Former city purchasing agent, who left under a cloud, is set to be rehired as consultant
Baltimore’s Board of Estimates is ready to approve a contract for Erin Sher Smyth to handle procurements for Sheriff John Anderson
Above: Erin Smyth speaks to the Board of Estimates in January 2020 shortly before she was transferred out of the procurement department. (CharmTV)
Baltimore’s ex-chief purchasing agent, who left her position and later city government after an inspector general’s report disclosed her mishandling of a police towing contract, is about to return to the payroll as a consultant for the sheriff’s office.
Before the Board of Estimates tomorrow is a $24,000 employment contract for Erin Sher Smyth to develop and oversee “an office-wide procurement process improvement project” for Sheriff John W. Anderson.

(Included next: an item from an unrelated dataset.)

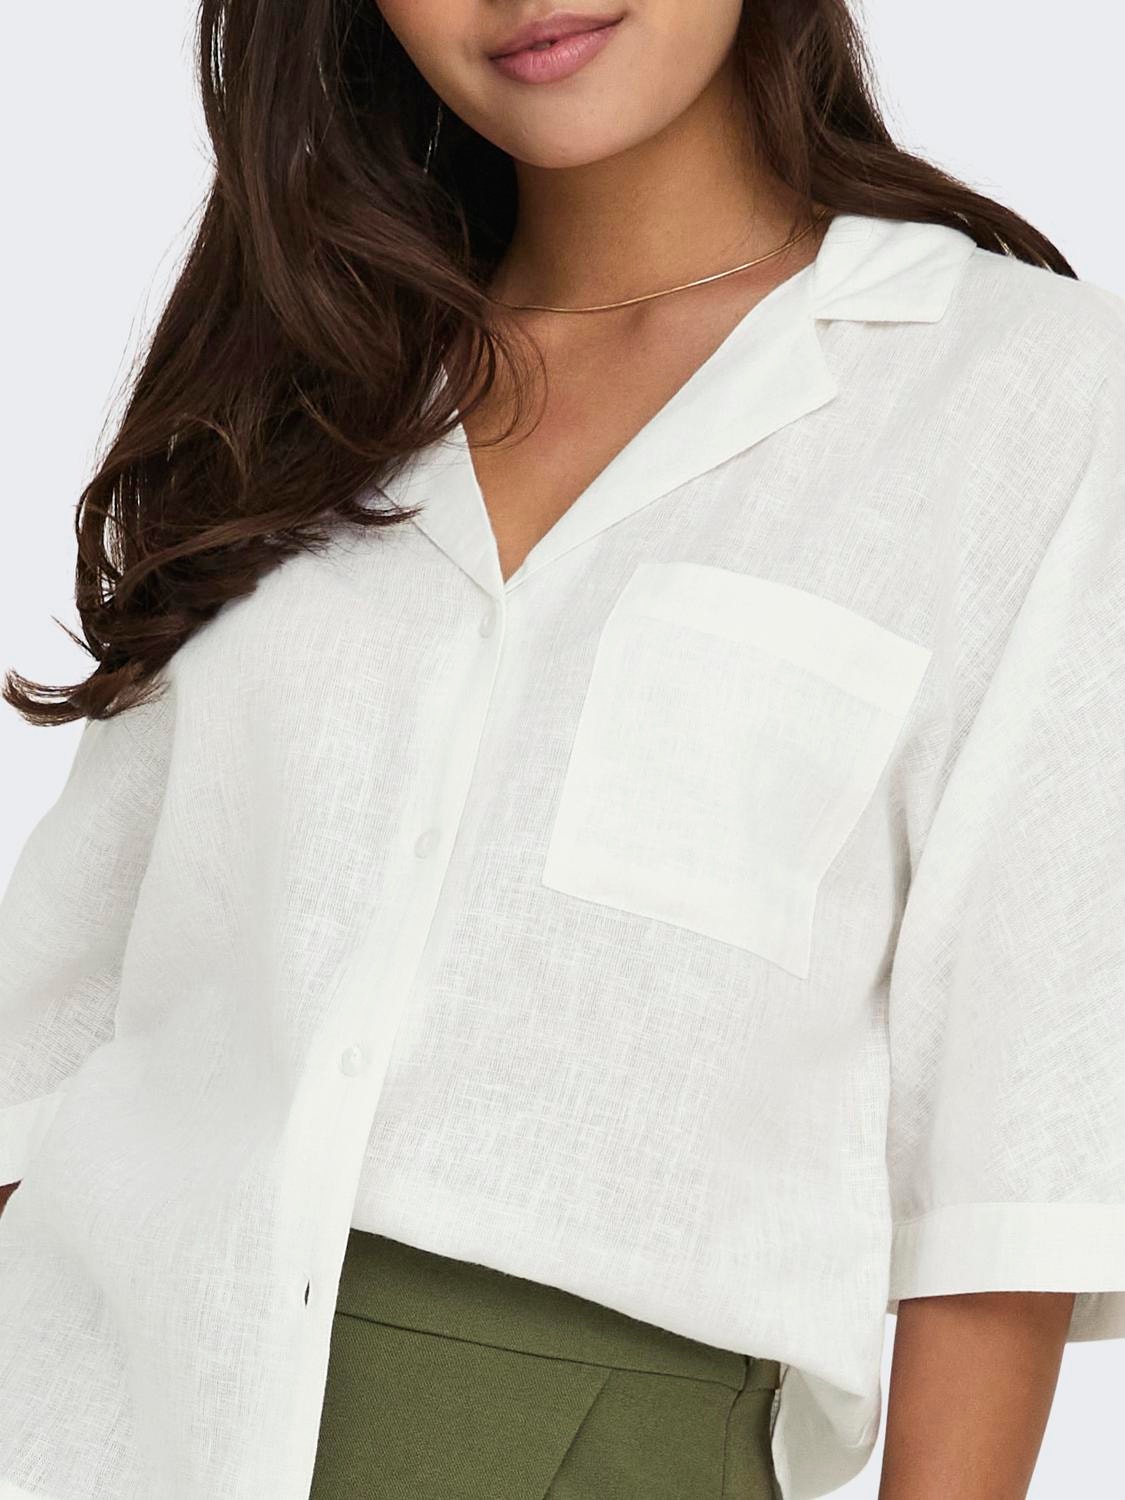 ONLY Camisas Corte regular Cuello de camisa Mangas voluminosas -Bright White - 15314215

Among her tasks, according to the BOE, will be “identifying profitable supplies” and “negotiating with external vendors to secure advantageous terms.”
Only 1.49% of the sheriff’s office’s $24.7 million budget for next year includes materials, supplies and equipment from outside vendors.
“She screwed up as the procurement officer and now she’s being brought back as an expert – it doesn’t make any rational sense,” a high-ranking city official, who requested anonymity, said today.
Baltimore’s ethics law provides that after terminating employment, a former public servant “may assist or represent” for compensation the city itself, but not employers who do business with the city. This would apparently clear Smyth’s way to obtain the sheriff’s contract 15 months after she left city employment.
Smyth could not be reached for comment at her Owings Mills residence.
$150 an Hour
Smyth will be paid $150 an hour for 160 hours of work – a rate more than double her pay when she was removed as the city’s $126,000-a-year purchasing agent in February 2020.
That happened after a report by Inspector General Isabel Mercedes Cumming found that Smyth had improperly added a vendor to the towing contract, then delayed the contract to benefit the vendor. (Ultimately the company lost the contract because it was in violation of minority compliance rules.)
After she was singled out by the IG, Smyth was made deputy director of the Mayor’s Office of Special Projects, where she received an $8,000 salary increase (to $134,000) before she resigned in March 2021.
Smyth’s transfer was engineered by Kimberly L. Morton, who was then Mayor Bernard C. “Jack” Young’s chief of staff.
Kim Morton Connection
Morton is currently serving as Sheriff Anderson’s $46,800 “consultant for intergovernmental affairs,” having retired from city government in December 2020 after Young’s term in office ended.
The Board of Estimates, controlled by Mayor Brandon Scott and chaired by City Council President Nick Mosby, exempted Morton from city rules that say that a retiree cannot be paid more than the difference between her prior maximum salary and her current retirement pension.
That exemption boosted Morton’s hourly consultant pay to $150 an hour – the same rate that Smyth is set to receive.
Seeking a 9th Term
Anderson, who is 75 and is seeking his ninth term in office in next month’s Democratic Party primary, has been politically tied to Morton since she was in the state’s attorney’s office.
He is facing Sam Cogen, a former assistant sheriff, in the July primary.
Smyth was hired in 2007 as an assistant city solicitor and was tapped by then-Mayor Catherine Pugh as the city’s chief purchasing agent in February 2017.
Smyth’s alleged mishandling of a 2019 parking garage contract with SP Plus Corp. was later revealed to have cost the city $7.5 million in unexpected management fees.
Her online LinkedIn page, which describes her as a “government contracts attorney, procurement professional, space nerd [and] artist,” does not list any current employment.
She is set to start work at the sheriff’s office immediately “upon Board approval for three months,” according to tomorrow’s BOE written agenda.